Kevin Divney, Chief Investment Officer for Putnam New Opportunities Fund, told CNBC’s “Squawk Box” that consumer spending may not be cyclical.
If so, that could smooth out the bumps in market performance and suggests the current rally will continue.
“Is the consumer cyclical?” Divney said Thursday. “I think business cycles are certainly evident and maybe the consumer pulls back because of employment or wage pressure. But maybe the consumer isn’t cyclical. When you think about how people spend each year – and when the economy has 95% of the (workforce) employed – people are going to shop and buy things to try to make their lives better. I think that has been the disconnect between what we saw in the last economic slowdown – the consumer got us through when capital expenditure (for business) began to decelerate quite a bit.”
Consumers are now global, and share an affinity for top brands such as Apple’s iPod or Nike sneakers.
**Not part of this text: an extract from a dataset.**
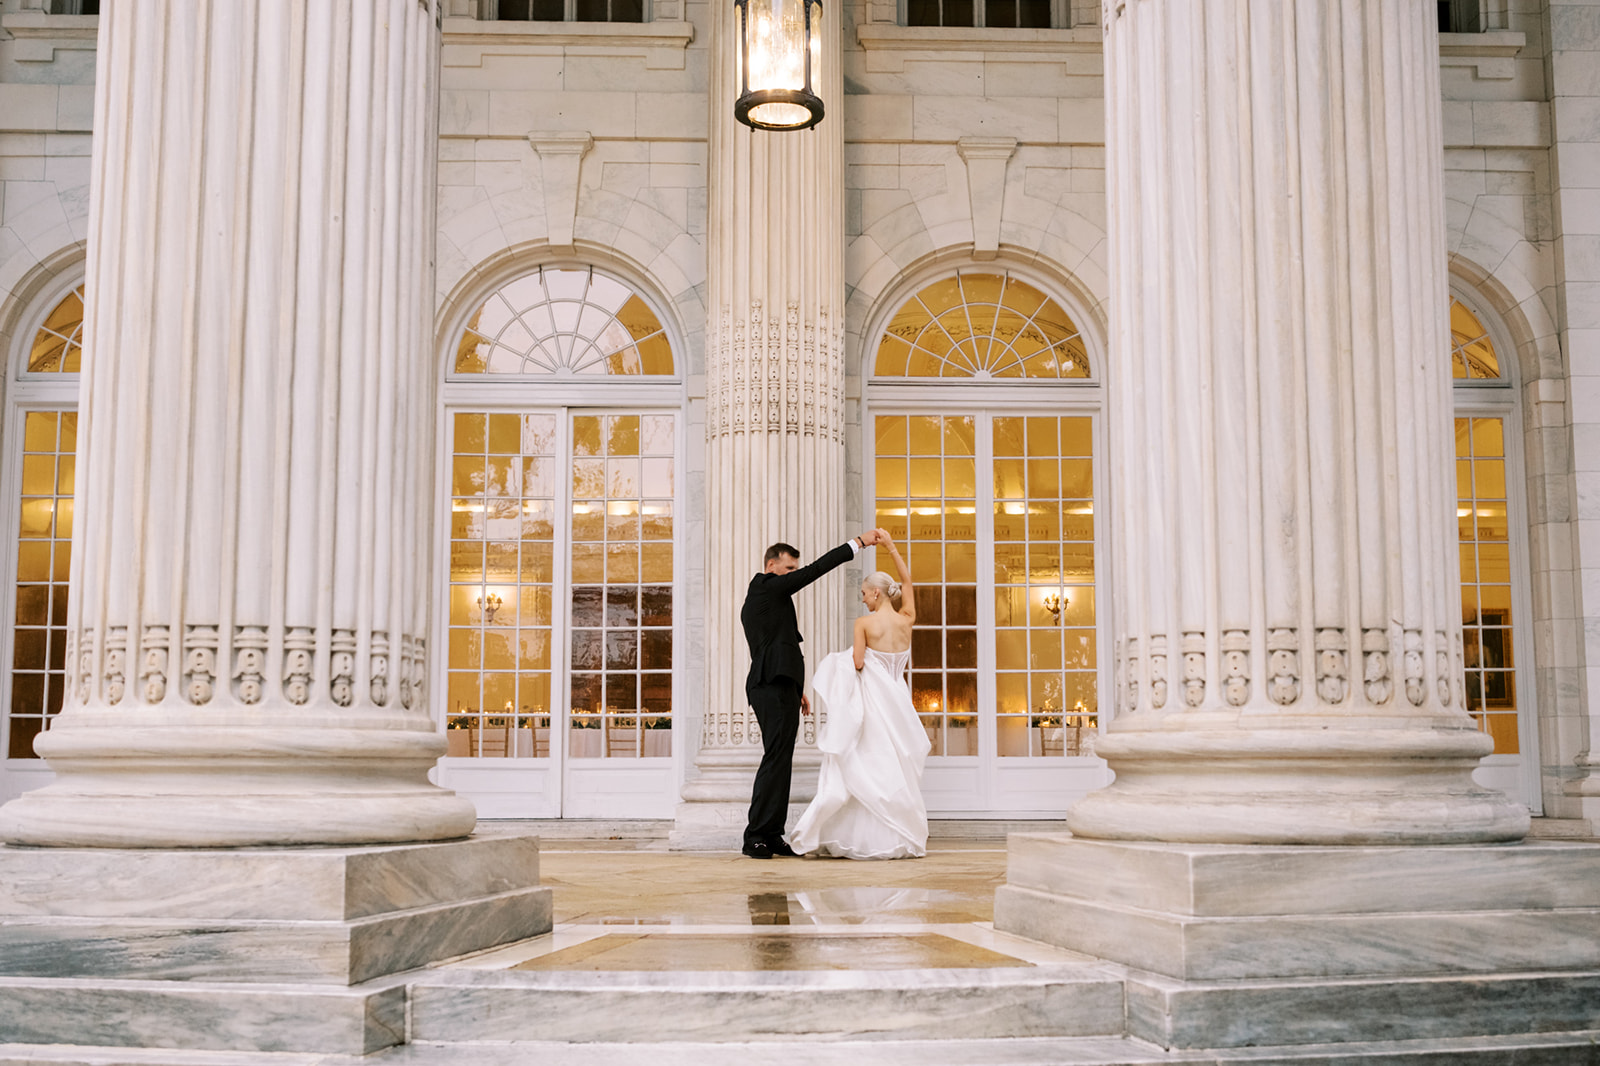 Bride and groom dancing on the portico at DAR in Washington DC

“Integration of the (world’s) economies makes the cycle less volatile because a lot of the U.S. companies have made manufacturing costs cheaper by doing things in China, Mexico and elsewhere,” Divney said. “I think U.S. companies lead in brand recognition and that’s reduced the volatility because we still see great growth outside the U.S.”
He said earnings of retail companies will grow about 10% this year.
On Wednesday, the Dow Jones Industrial Average, Wilshire 5000 and the Russell 2000 hit new highs.
“I don’t think the consumer is slowing down,” Divney said.